Вот тогда Линяев и насидится в студии. Три часа подряд — не меньше. Он напишет такую передачу, что все ахнут. А впрочем, зачем откладывать до лета? Он сейчас собьет спесь. Что еще делают здоровые люди? Ругаются! Он будет ругаться сию же минуту. В это время просунул в дверь свою вихрастую голову помощник режиссера Алик Березовский. Алик до сих пор не выполнил задания Линяева. Какой он умничка, этот юноша, что подвернулся так вовремя.
— Заходи, голубчик, заходи, милый юноша, — медово пригласил Линяев. — Заходи, радость моя! Не стесняйся.
Березовский нехотя вошел. Угрюмо посмотрел на люстру. Он знал — сладенький тон Линяева не сулит добра.
— Расскажи дяде редактору, как подобрал чеховскую пленку. Порадуй его задубевшее сердце.
— Не подобрал я пленку. Не успел, — буркнул Алик.
Глаза Линяева затуманились.
— Мальчик, телевидение еще переживает свою палеозойскую эру, и мы с тобой соответственно примитивные ящеры. Но при всем том телевидение уже искусство. А любое искусство дается только тем, кто горит. Гореть нужно, Алик.
— Я не птица Феникс, — огрызнулся Алик. — Если сгорю — это уже конец. И вы полегче. Посмотрите на себя.
Приятный сюрприз! Обычно Алик не огрызается. Молчит, когда ругают. Линяеву везло.
— Сами-то поздно сдали сценарий викторины. А я потом всю ночь куковал в фильмотеке. Где же ваше пламя, товарищ редактор? Где пепел? Сидите за столом, ждете вдохновения? Когда осенит? Не ждать надо, а дело делать.
Сценарий он задержал по другой причине. В тот день его свалил сильный жар. Соседи, дабы не сбежал, заперли двери на ключ. Вот почему постановщики получили сценарий с опозданием. Но это к делу не относится. Они спорят, как два здоровых, полноценных человека. Он сам так решил, и значит, Алик прав. Из обвинителя он превратился в обвиняемого. Что ж, сам затеял этот разговор. Линяев сконфуженно кашлянул.
Не болезнь заставила кашлянуть. Он кашлянул сам, потому что Алик ловко отщелкал его по носу. И это хорошо.

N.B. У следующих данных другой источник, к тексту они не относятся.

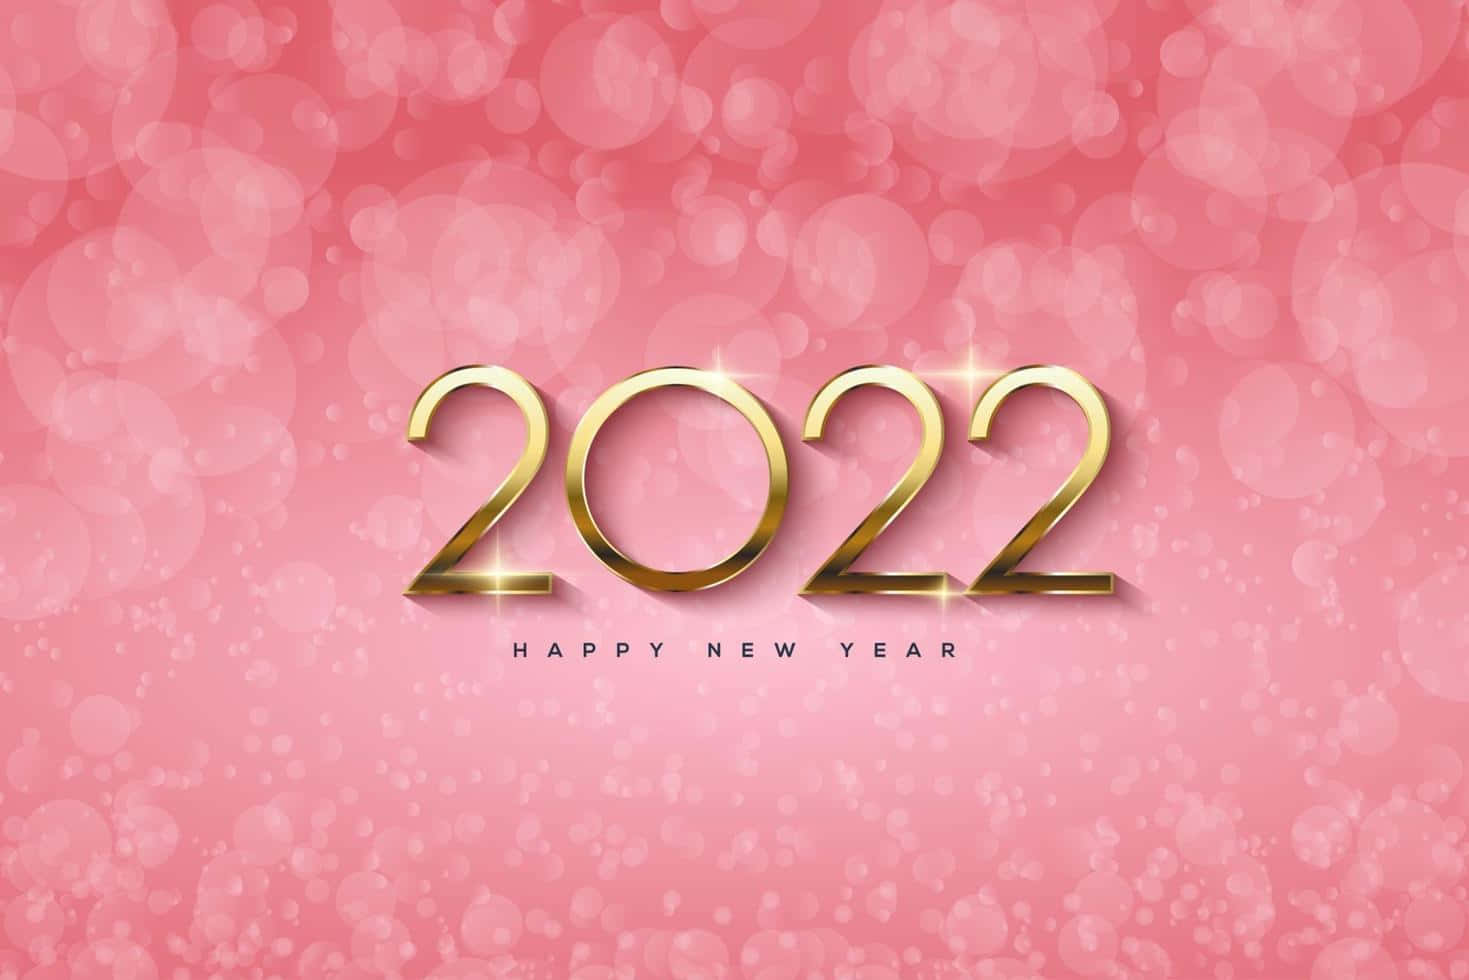 Nyt År, Nye Muligheder - 2022

Алик в сердцах хлопнул дверью и ушел.
Наедине с собой Линяев не мог оставаться долго. Когда он с врагом один на один, ему трудно вести единоборство. Подобно аккумулятору, ему необходимо периодически пополнять заряд энергии. Источник энергии — люди. Товарищи.
Он встал, приоткрыл дверь и вернулся на место. Редакция наполнилась густым неистовым шумом. После ярмарок самое шумное место на земном шаре, несомненно, телевизионные студии.
«Гуси, гуси! Га, га, га!» — вопят детские голоса. Это из студии. Идет трактовая репетиция.
— Ложкин, Ложкин! Долго ты еще будешь водить нас за нос? Сдавай передачу! — звенит металлический голос. Редактор выпуска гоняется по селектору за неуловимым редактором музыкальных передач.
Из-под пола бодренький тенорок тараторит:
— Ну, а теперь, Ваня, расскажи, почему у тебя молока больше, чем у девушек.
Взрыв смеха. Хохочут звукооператоры, они чистят запись репортажа с молочной фермы.